What you will do
Retype exactly the span of lines below from the one with "Eric Brown Jr. のプロファイルバナー" through the one with "Yves Saint Laurent La". Do not include pictures.

Data records: Begin

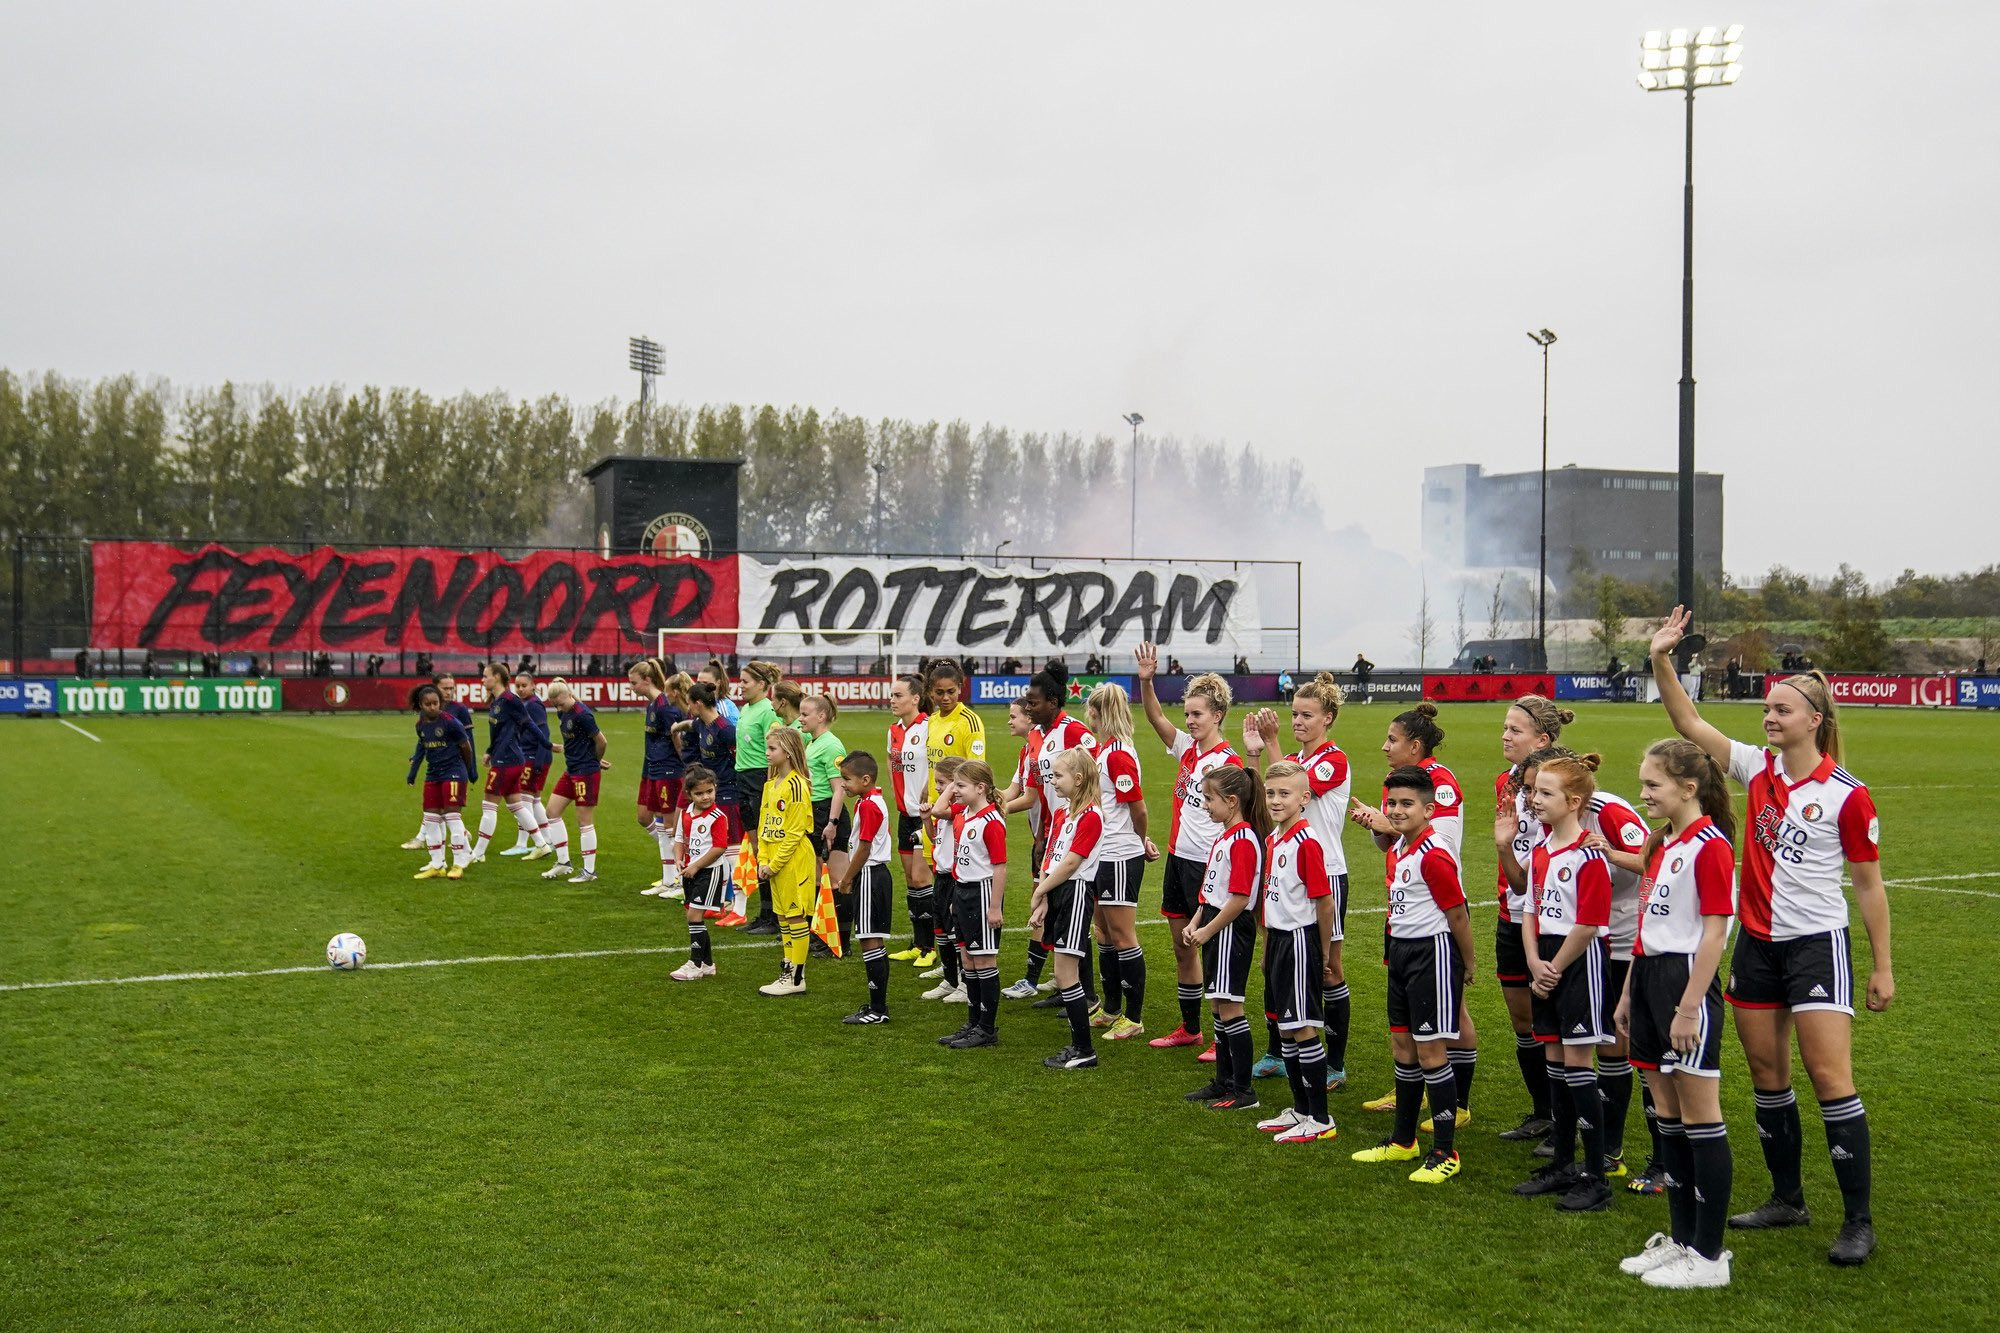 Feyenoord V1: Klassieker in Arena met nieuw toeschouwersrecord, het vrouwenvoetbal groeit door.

Data records: End
Data records: Begin

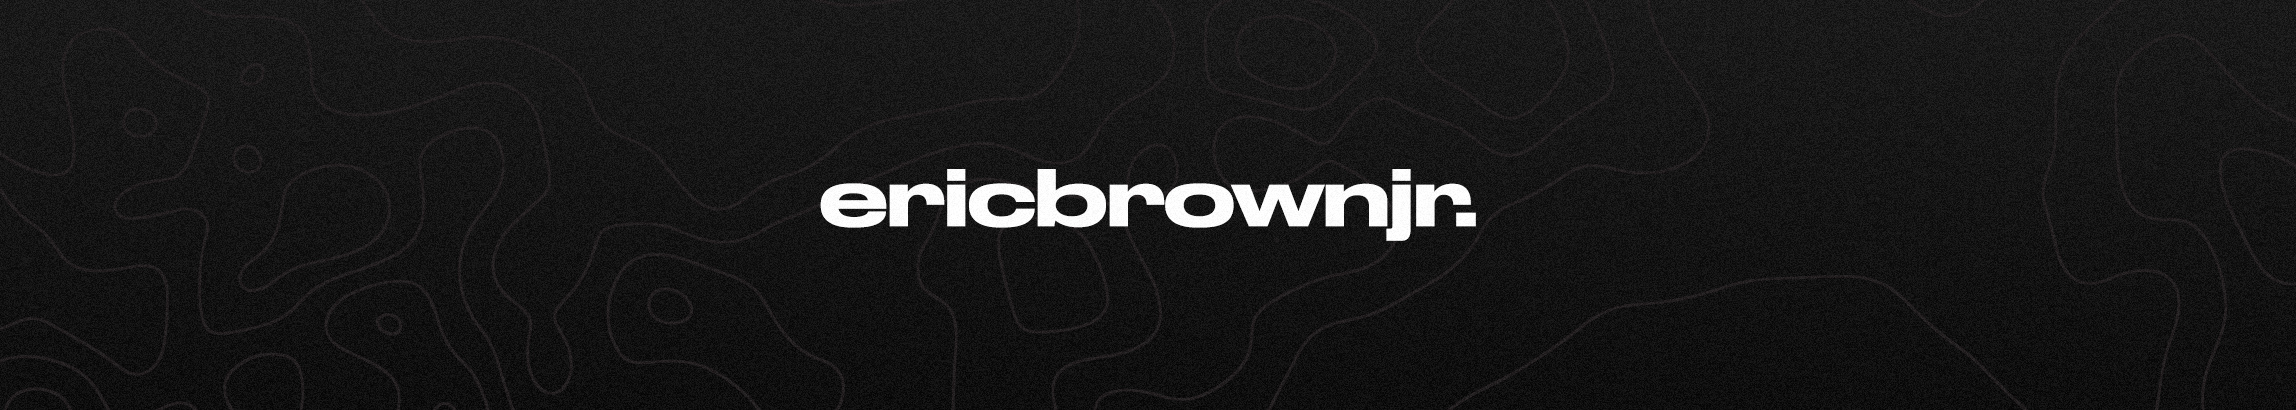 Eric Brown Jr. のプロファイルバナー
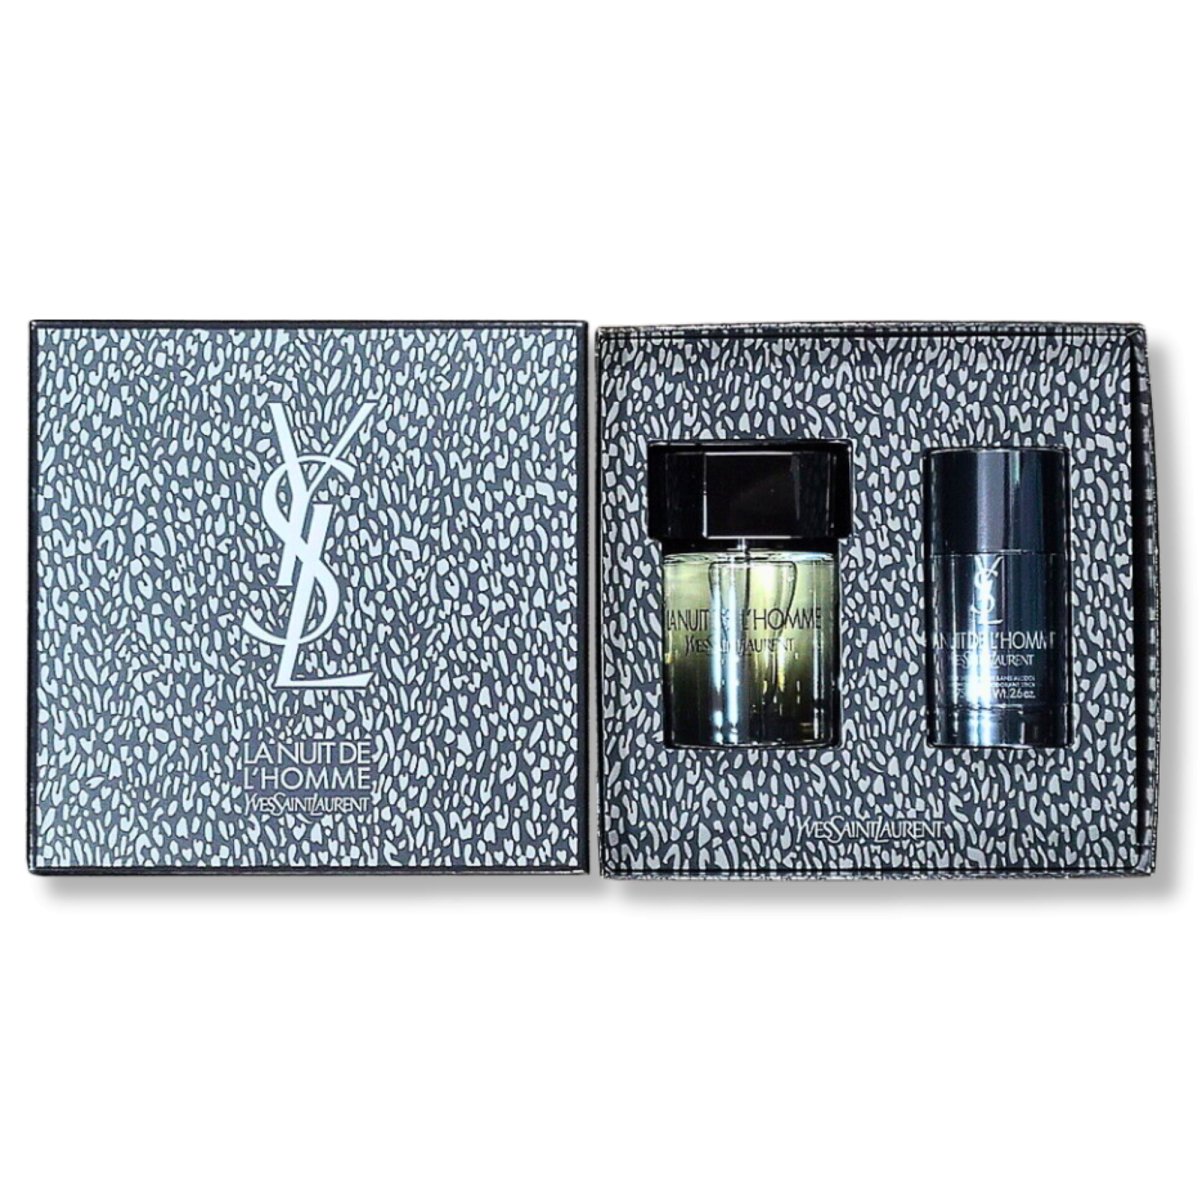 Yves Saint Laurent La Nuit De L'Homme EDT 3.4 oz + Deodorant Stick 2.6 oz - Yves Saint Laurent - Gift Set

Data records: End
Data records: Begin

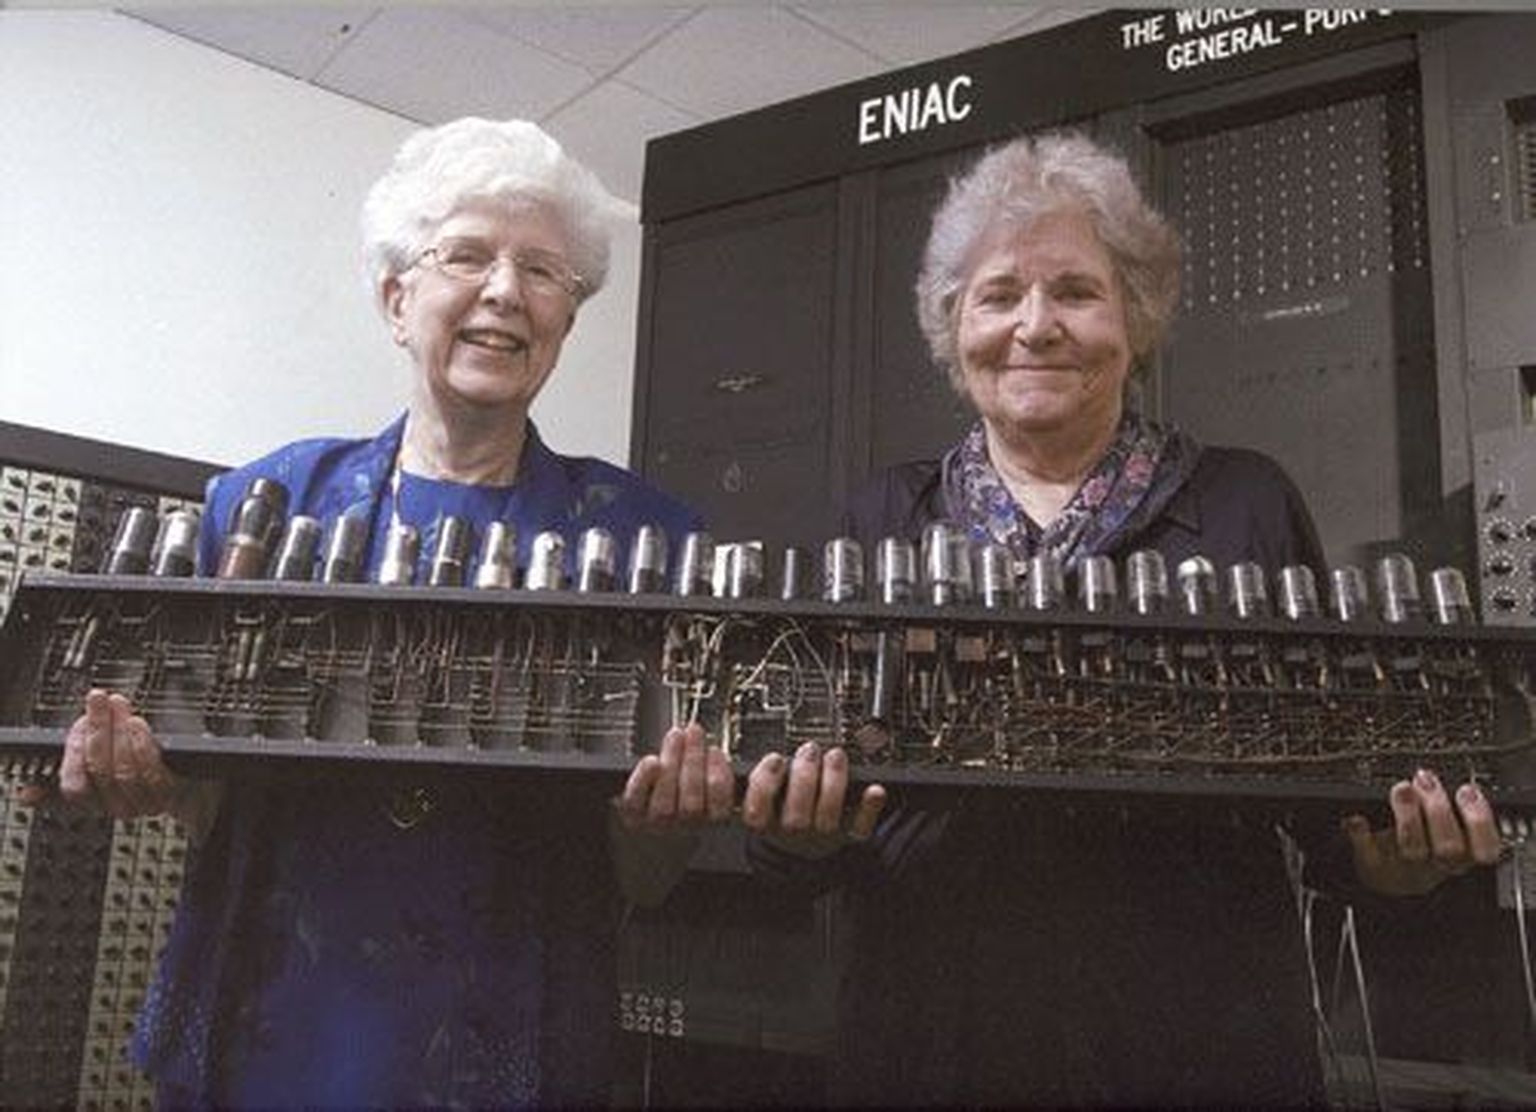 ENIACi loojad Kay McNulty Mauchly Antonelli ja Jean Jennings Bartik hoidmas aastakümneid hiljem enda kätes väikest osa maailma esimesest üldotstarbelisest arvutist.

Data records: End

Response area
 Eric Brown Jr. のプロファイルバナー
 Yves Saint Laurent La Nuit De L'Homme EDT 3.4 oz + Deodorant Stick 2.6 oz - Yves Saint Laurent - Gift Set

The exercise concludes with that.